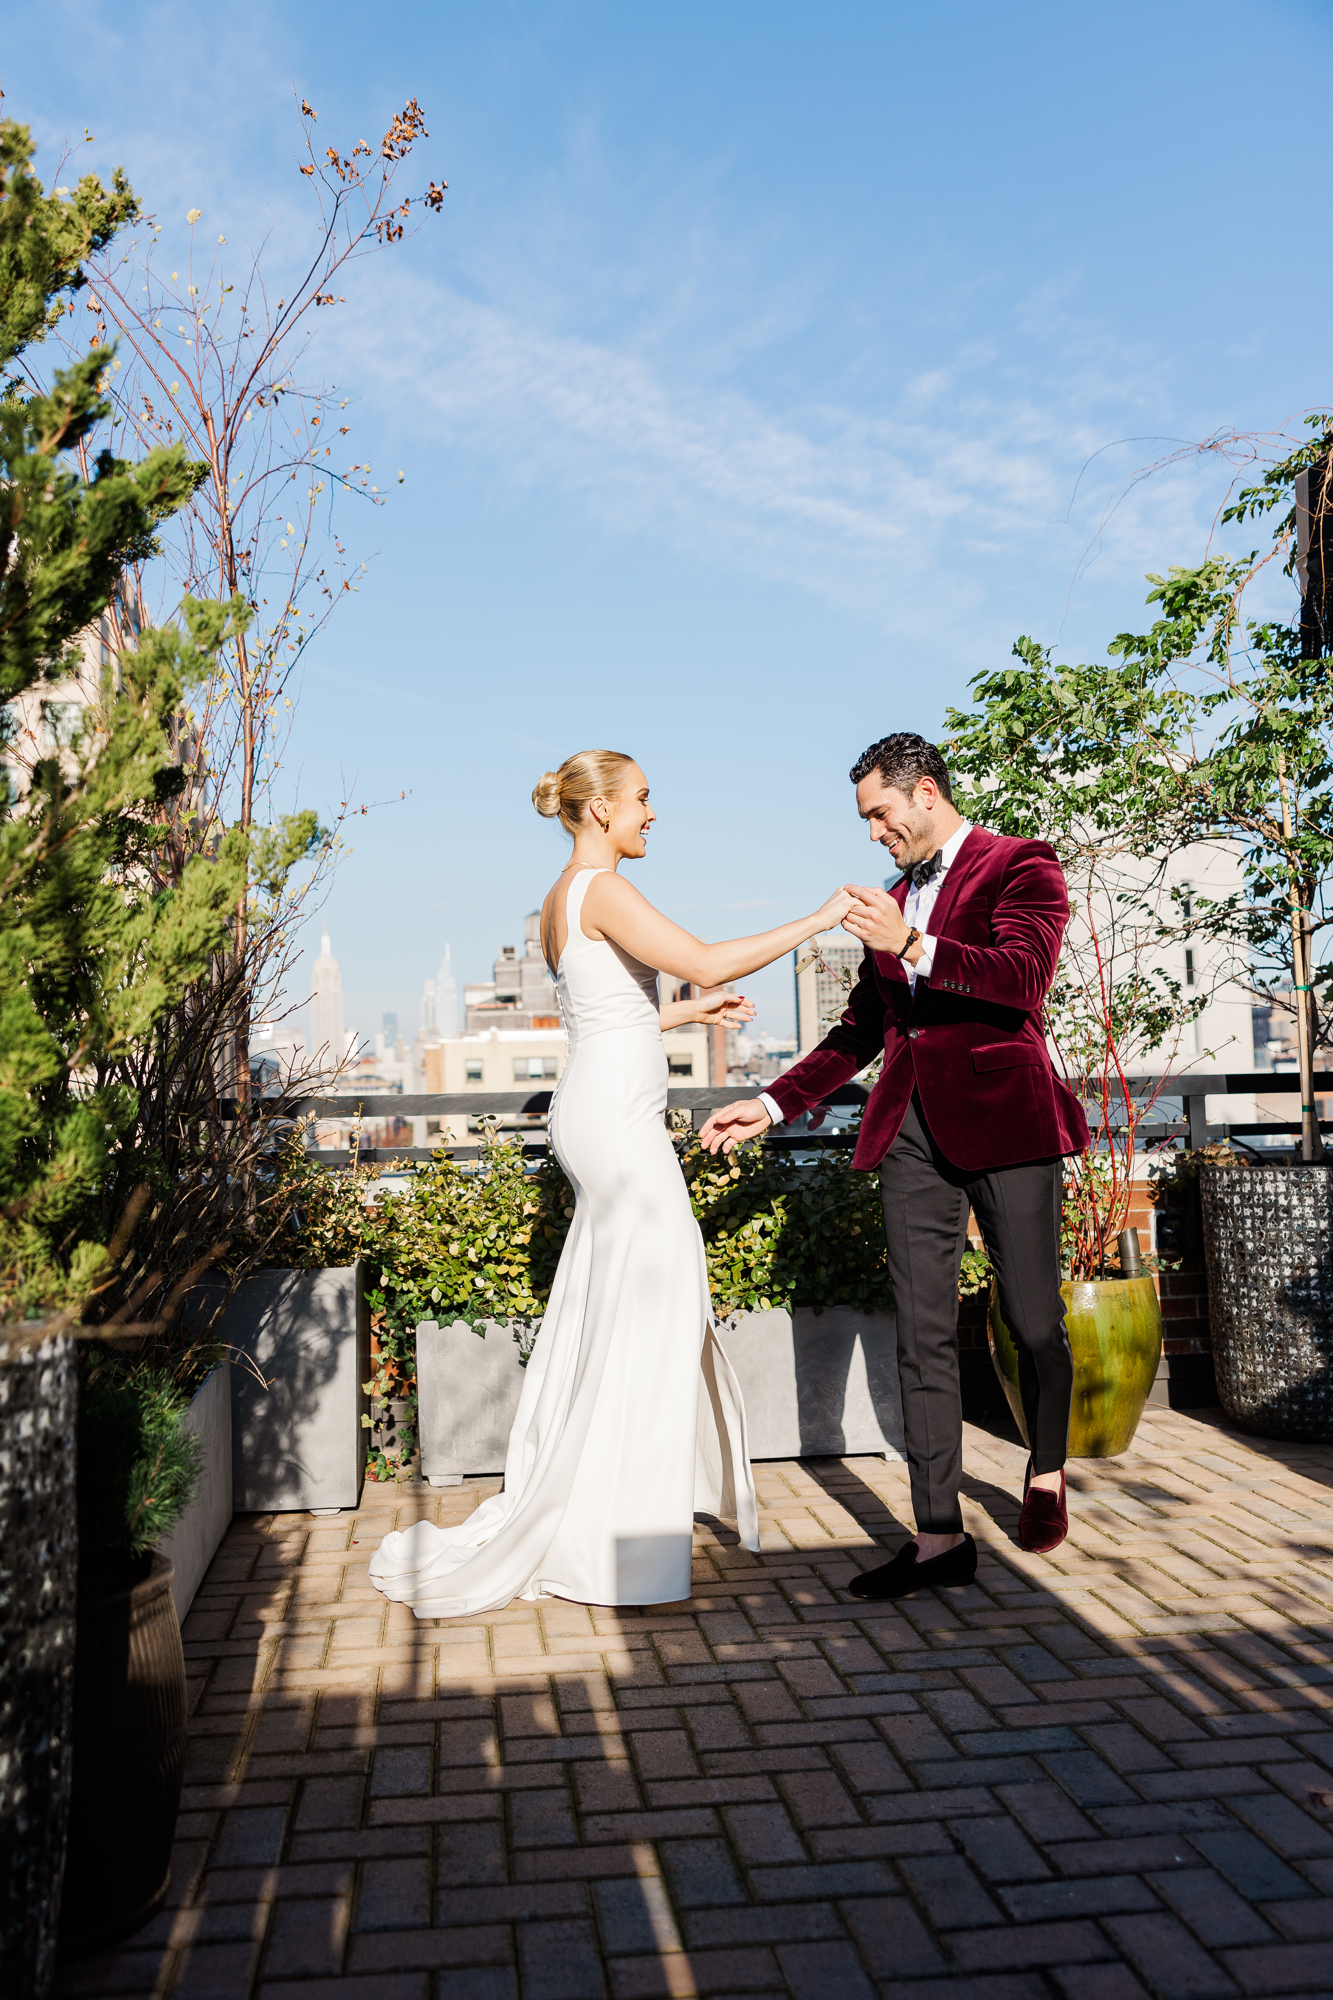 Astounding New York Wedding Photography at City Winery
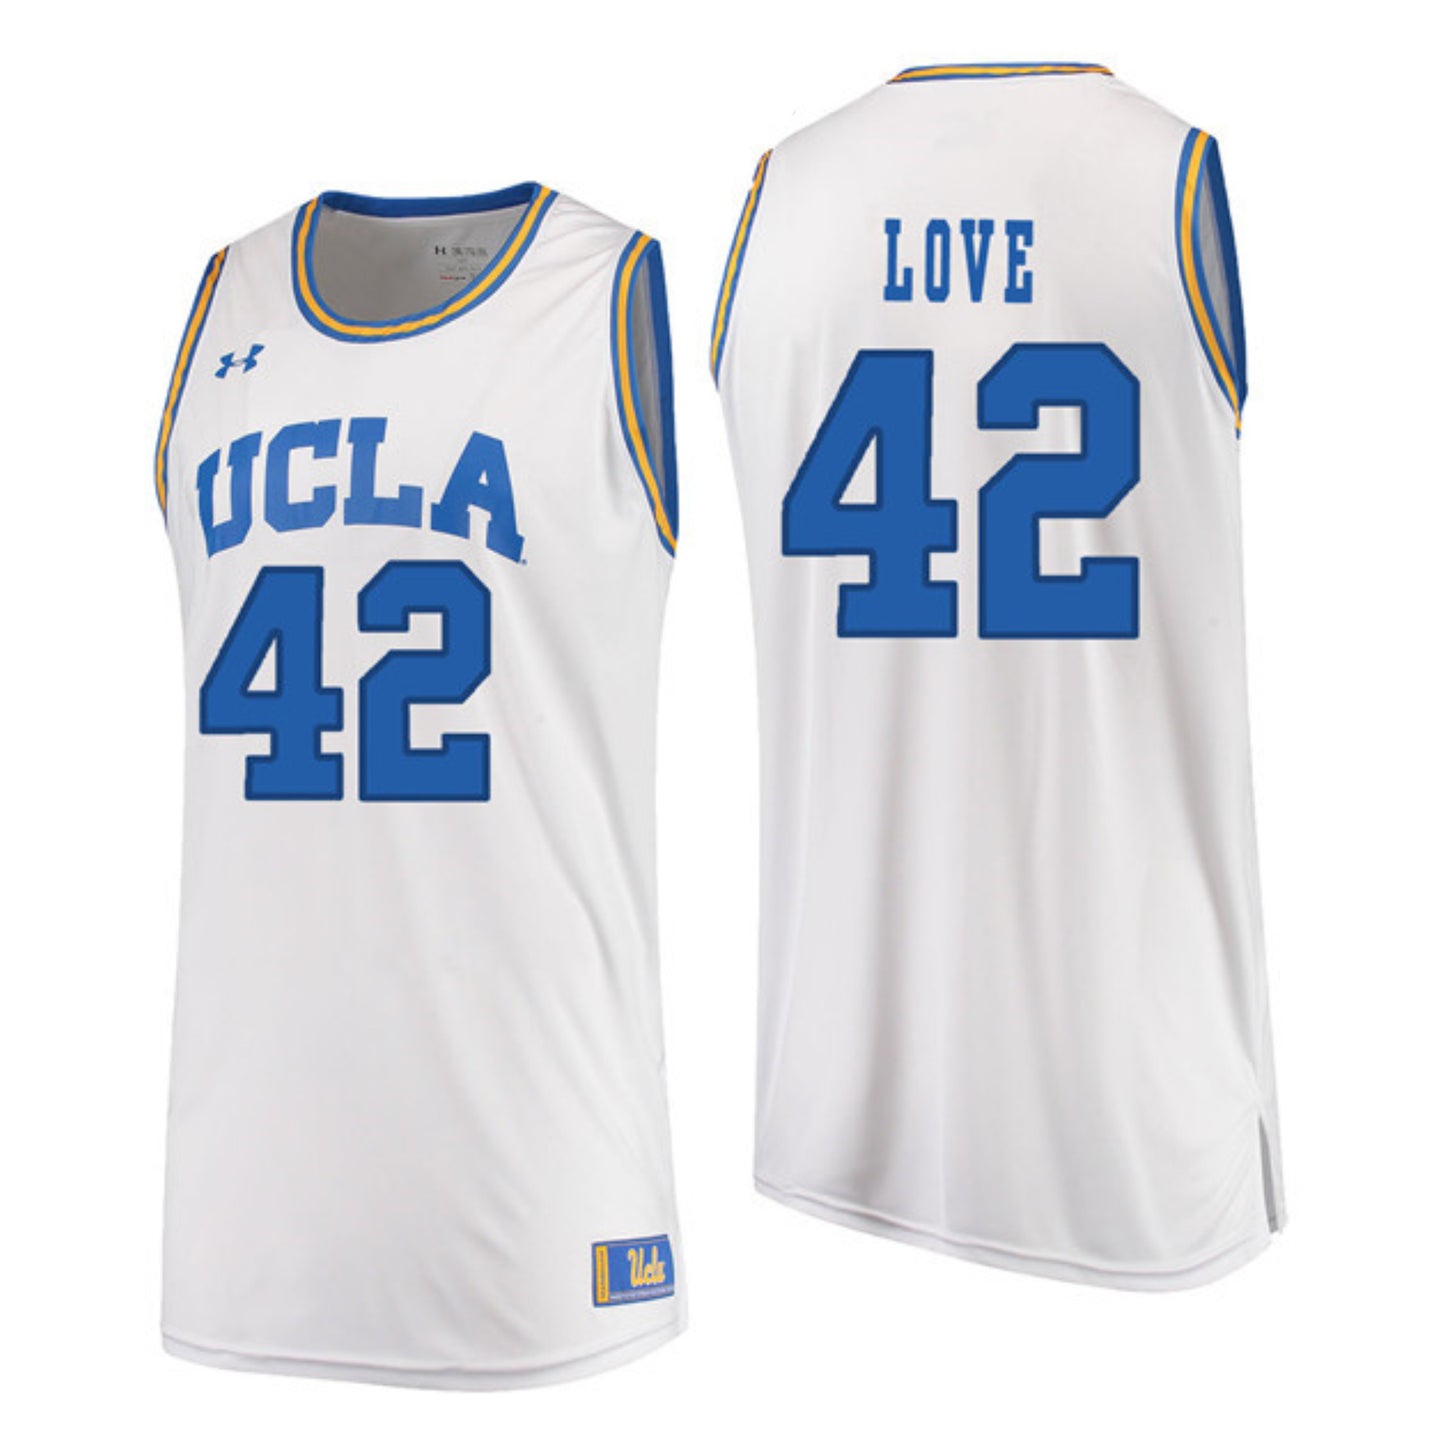 Original Retro Brand Men's Kevin Love White UCLA Bruins Commemorative Classic Basketball Jersey - White
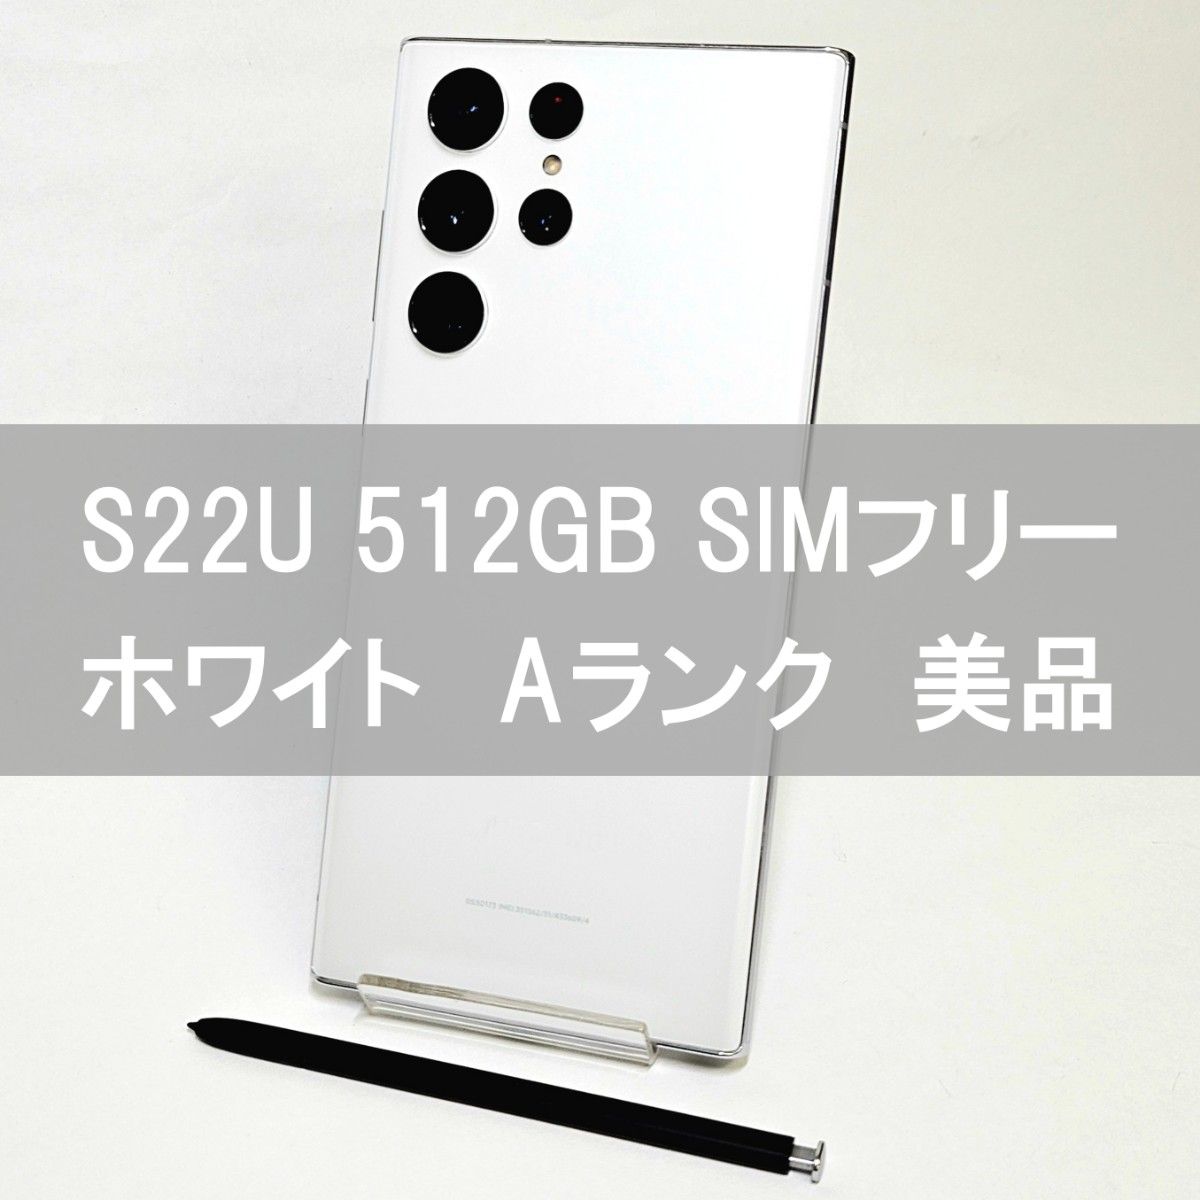 Galaxy S22 Ultra 512GB ホワイト SIMフリー A級 - スマートフォン本体

**Your objective:**
Restate the listing word for word and drop the pictures.

**Exercise output:**
 Astounding New York Wedding Photography at City Winery
 Original Retro Brand Men's Kevin Love White UCLA Bruins Commemorative Classic Basketball Jersey - White
 Galaxy S22 Ultra 512GB ホワイト SIMフリー A級 - スマートフォン本体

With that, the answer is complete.